Twitch under fire as streamers demand firmer response to ‘hate raid’ harassment

Dylan Horetski
Twitch.tv Logo

Over a week after #TwitchDoBetter started trending, Twitch is under more scrutiny as streamers demand firmer action against hate raid harassment.

Twitch’s TOS condemn any “hateful conduct” on their platform, which specifies anything that includes discrimination based on ‘race, ethnicity, and color.’

Unfortunately, bigots and follow bots do still operate on there, and an unknown user has been creating hundreds of accounts to harass marginalized streamers with racist chat spam.

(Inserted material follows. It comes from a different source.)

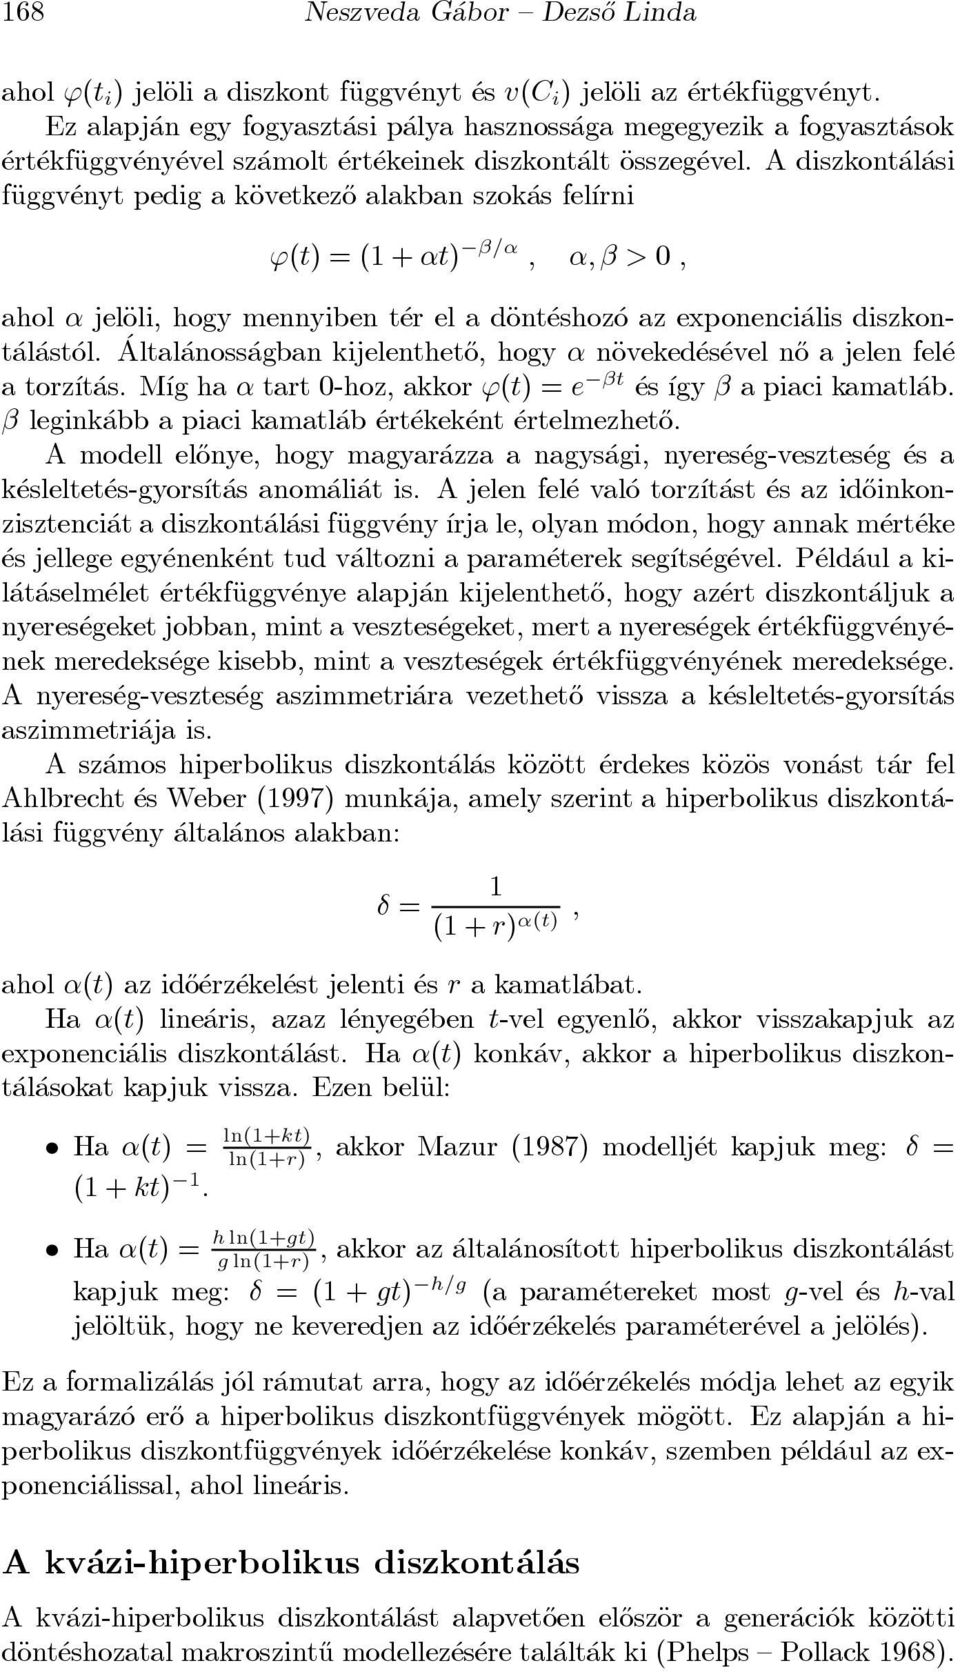 A diszkont al asi fäuggv enyt pedig a käovetkez}o alakban szok as fel ³rni '(t) = (1 + t) = ; ; > 0 ; ahol jeläoli, hogy mennyiben t er el a däont eshoz o az exponenci alis diszkont al ast ol.
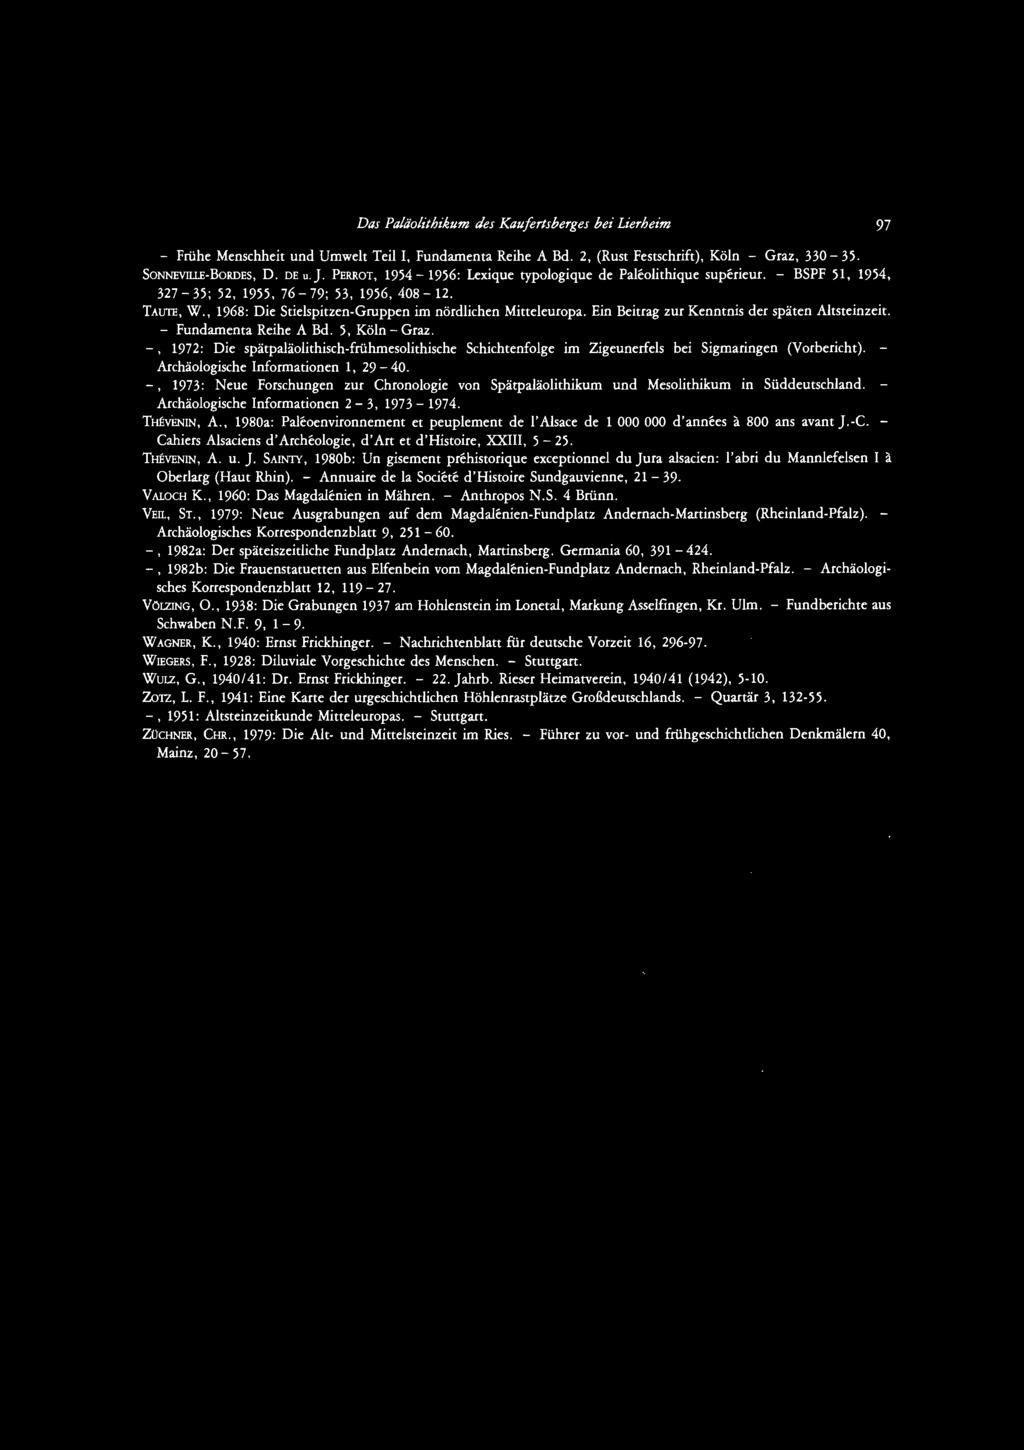 Ein Beitrag zur Kenntnis der späten Altsteinzeit. - Fundamenta Reihe A Bd. 5, Köln- Graz. -, 1972: Die spätpaläolithisch-frühmesolithische Schichtenfolge im Zigeunerfels bei Sigmaringen (Vorbericht).

More than a week after the creation of #TwitchDoBetter on Twitter, by activist and streamer RekItRaven, Twitch has only publicly responded once with a series of tweets announcing plans for later in the year.

Following the reveal of plans for channel-level ban evasion detection and account verification improvements, that was the last we heard from company chiefs regarding issues of increased harassment on the platform.

RekItRaven
RekItRaven created the #TwitchDoBetter hashtag, leading the movement.

Those affected have continued on with supporting each other as well as creating another Twitter hashtag, #SubOffTwitch, hoping that if supporters take their money off of the Amazon-owned platform, it might lead to another response.

Along with #TwitchDoBetter and #SubOffTwitch being used to bring attention to the issue, streamers have also created a petition and a hate raid response group under the Twitter handle @EndHateRaids

Twitch under scrutiny

Since Twitch’s reply regarding ban detection and account verification improvements, those affected haven’t heard anything else.

On August 18, Twitch Support released a tweet announcing new VOD and clip settings – which was met with replies asking about the response to hate raids and what they were going to do to stop the attacks on streamers of all kinds.

https://twitter.com/SirKatelyn/status/1428100605633974273?s=20

Unfortunately for those affected, Twitch continued the day ignoring any questions regarding the attacks, while responding to replies regarding the VOD and clip topic at hand.

The lack of action has also left social media users in an uproar, including the #TwitchDoBetter creator citing “enough is enough”.

iamBrandon aldo added: “This is exactly why black folks were calling for accountability of people who screamed ‘support black creators’ last year and obviously not saying anything now.”

What are ‘hate raids?’

Unfortunately, hate raids are nothing new to the live streaming platform. They consist of mass-created bot accounts spamming racial and homophobic slurs directed at some creators while live streaming.

These often derail the stream and ruin a creator’s mood, often leading to them ending the stream due to verbal attacks.

While there are precautions streamers can have in place for the platform’s built-in raid system like turning raids off and turning on follower-only chat, these pointed attacks often bypass these precautions, as seen here.